Though we can ob­tain ample amounts of in­form­a­tion about the eco­logy of mi­croor­gan­isms from en­vir­on­mental samples, we ultimately still require pure cultures or enrichments in the lab. Cul­tiv­a­tion is still, in most cases, the only way to ex­per­i­ment­ally verify pre­dic­tions and hy­po­theses for­mu­lated from ge­n­omic se­quence in­form­a­tion.
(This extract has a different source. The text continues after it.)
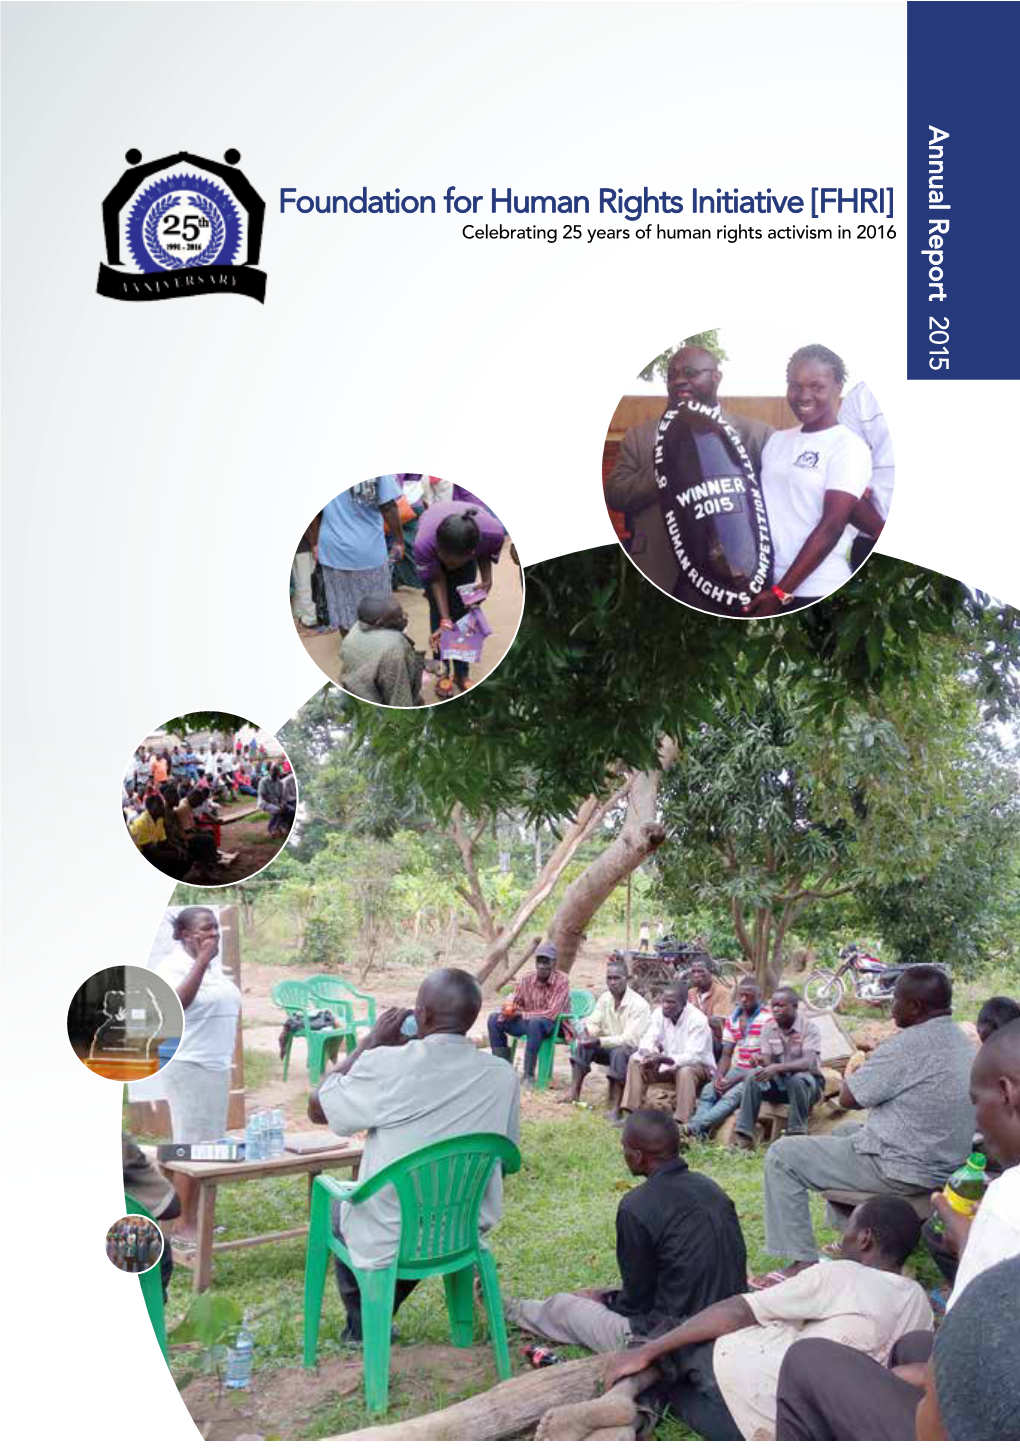 FHRI] Celebrating 25 Years of Human Rights Activism in 2016 2015 2015

However, the isol­a­tion of mar­ine mi­croor­gan­isms can be a chal­len­ging task, as it is dif­fi­cult to re­cre­ate the nat­ural en­vir­on­ment and spe­cific con­di­tions re­quired for a pop­u­la­tion to grow. There­fore, we use li­quid me­di­ums and en­rich­ments along with phys­ical sep­ar­a­tion of in­di­vidual cells through di­lu­tion and mo­lecu­lar iden­ti­fic­a­tion meth­ods (in house de­veloped spe­cific PCR and in situ hy­brid­isa­tion probes) to isol­ate abund­ant mi­crobes from nat­ural com­munit­ies. Once a strain is in pure cul­ture, the source is un­lim­ited and physiolo­gical traits and in­di­vidual en­zymes can be stud­ied.
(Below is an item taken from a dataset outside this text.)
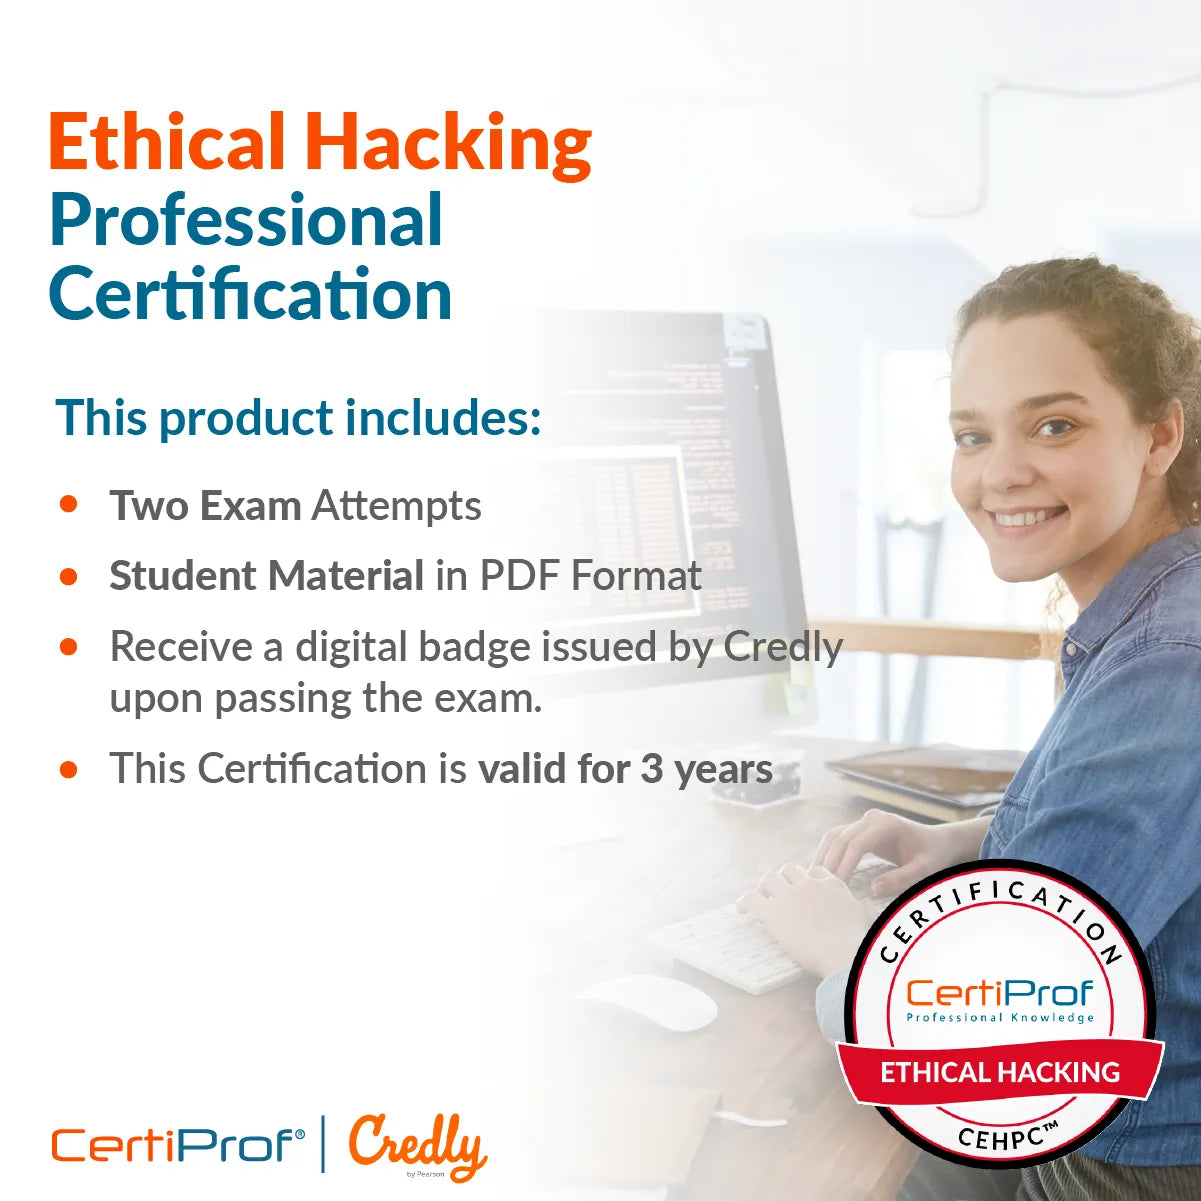 EthicalHacking CEH Professional Certification

Functional characterization

The rapid development of massive sequencing technologies has unravelled a new era for the examination of the genetic potential of microbial communities. From the analyses of sequence discrete populations in nature to isolates in the lab, the use of multi-omic techniques allows us to integrate genetic information at the gene, transcript and also protein levels. Our goal is to bridge the gap between predicted function and measured microbial activity through the integration of these different levels of information. 

The mRNA of species within microbial communities tells us which genes are actively transcribed whilst metaproteomics identifies the abundant proteins. Combining these observations enables us to predict the metabolic processes, only hampered by the fact that for half of the proteins we do not know their function. But the accumulated knowledge of mankind allows us a first glance at novel ecosystems. With the observation of community responses to substrate additions and the study of novel strains, we aim at a full understanding of the major processes in nature. We are still explorers.